Equities and futures — where clients operate in traditional markets, we integrate with relevant data providers and model exchange-specific execution rules


Technologies Used

  • Rust — high-performance backtesting engines requiring tick-level data processing at speed
  • C# — backtesting systems integrated with MetaTrader bridges and desktop strategy tools
  • MQL4 / MQL5 — native Strategy Tester development and optimisation for MetaTrader-deployed strategies
  • Python — quantitative backtesting frameworks, statistical analysis, machine learning signal research
  • SQL — historical data storage, trade log persistence, performance analytics queries
  • Parquet / columnar storage — efficient storage and retrieval of large tick data sets
  • WebSocket / REST — live data feed integration for forward testing and paper trading modes

When to Come to Us

You need a custom backtesting platform when the standard tools are not adequate for your strategy.
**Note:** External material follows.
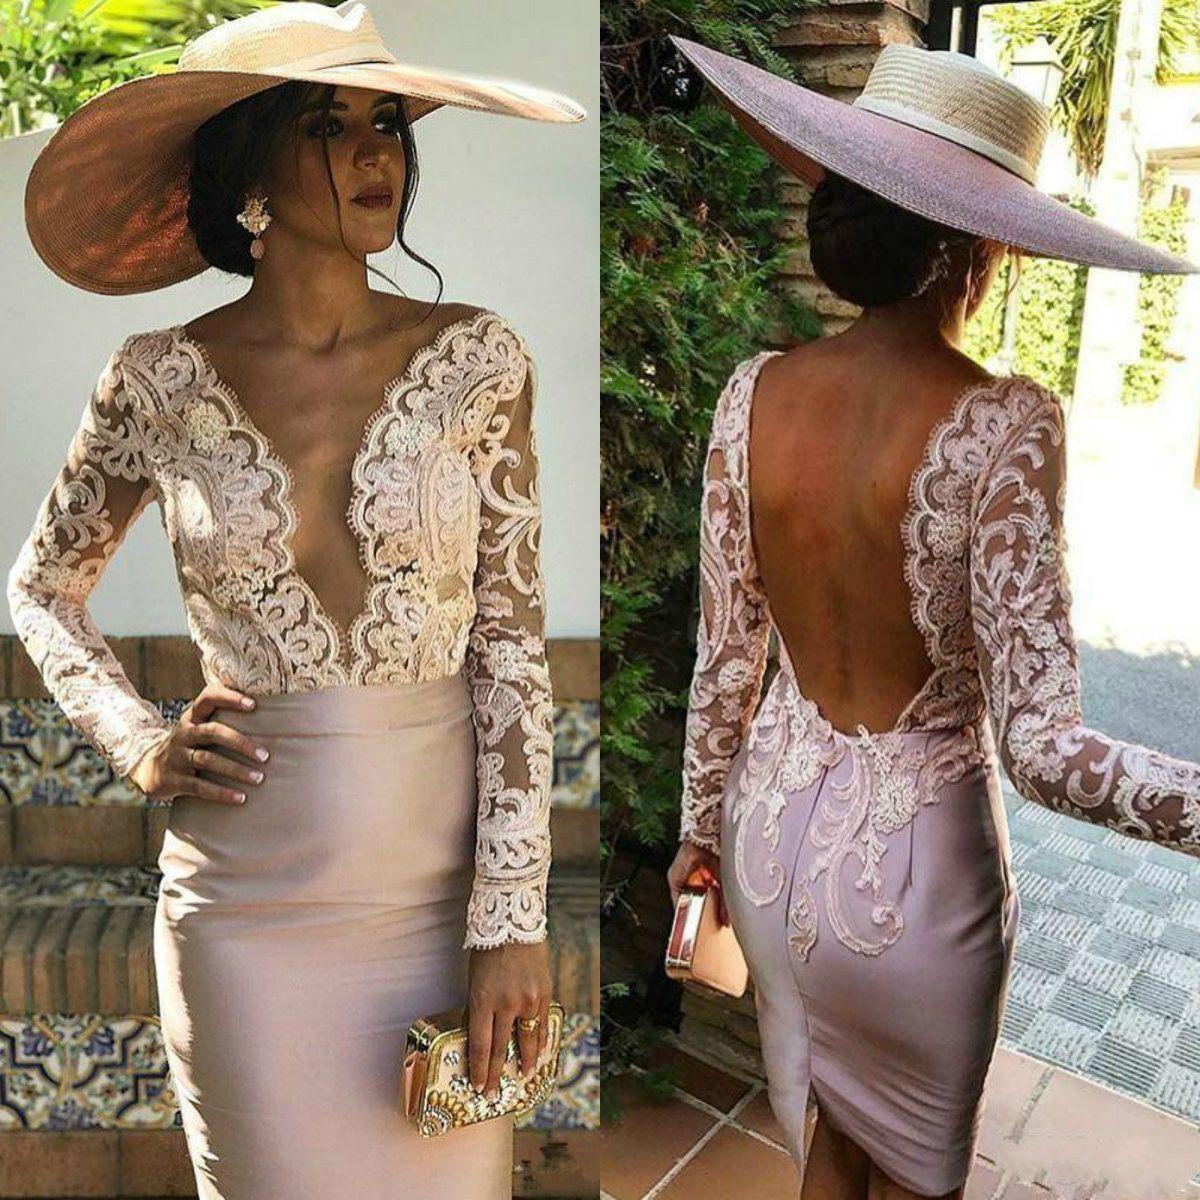 Blush Pink Elegant Mother Of The Bride Dresses For Wedding V Neck Long Sleeve Women Dress Lace Appliqued Plus Size Evening Gowns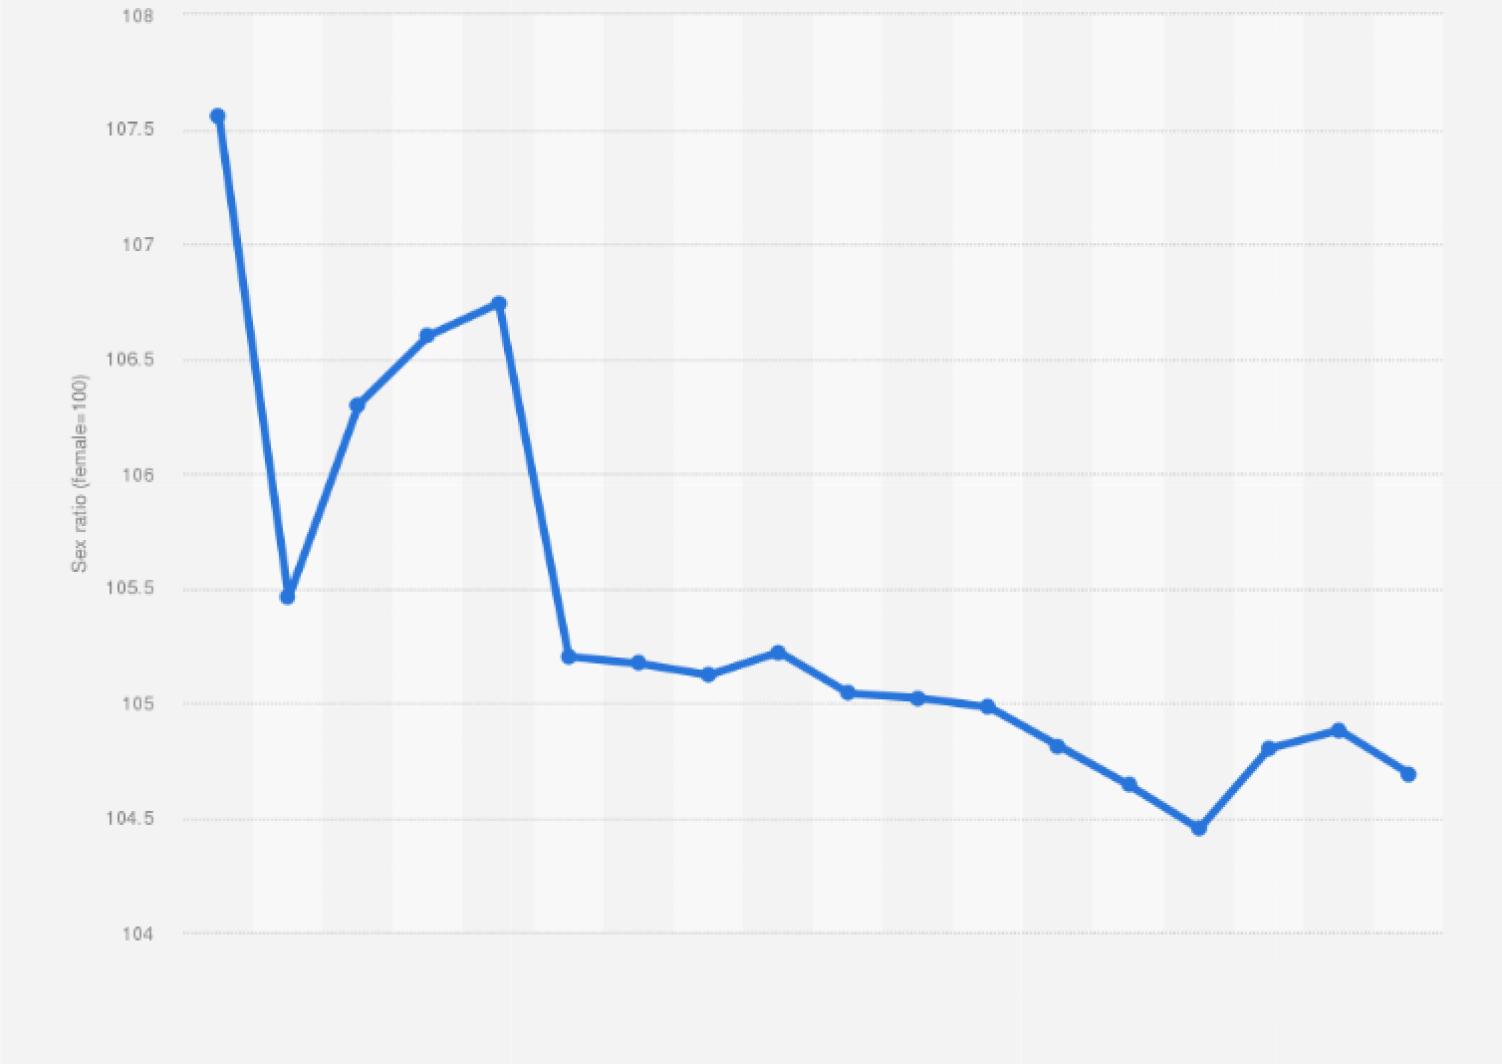 China Sex Ratio Statista

If your strategy operates across multiple instruments simultaneously with interdependent position logic, requires custom data sources that off-the-shelf platforms do not support, needs to model specific execution conditions accurately, or if you have outgrown MetaTrader's Strategy Tester and need more control over the testing environment — we build what you need.

We also work with traders who have existing backtesting setups that produce results they do not fully trust. If your backtest results do not translate to live performance, we can audit the existing system, identify where the assumptions break down, and rebuild the components that are producing misleading results.


Build a Backtest You Can Actually Trust

The purpose of backtesting is not to produce a good-looking equity curve. It is to generate actionable information about whether a strategy has genuine edge and how it is likely to behave in live conditions. We build the infrastructure that makes that possible.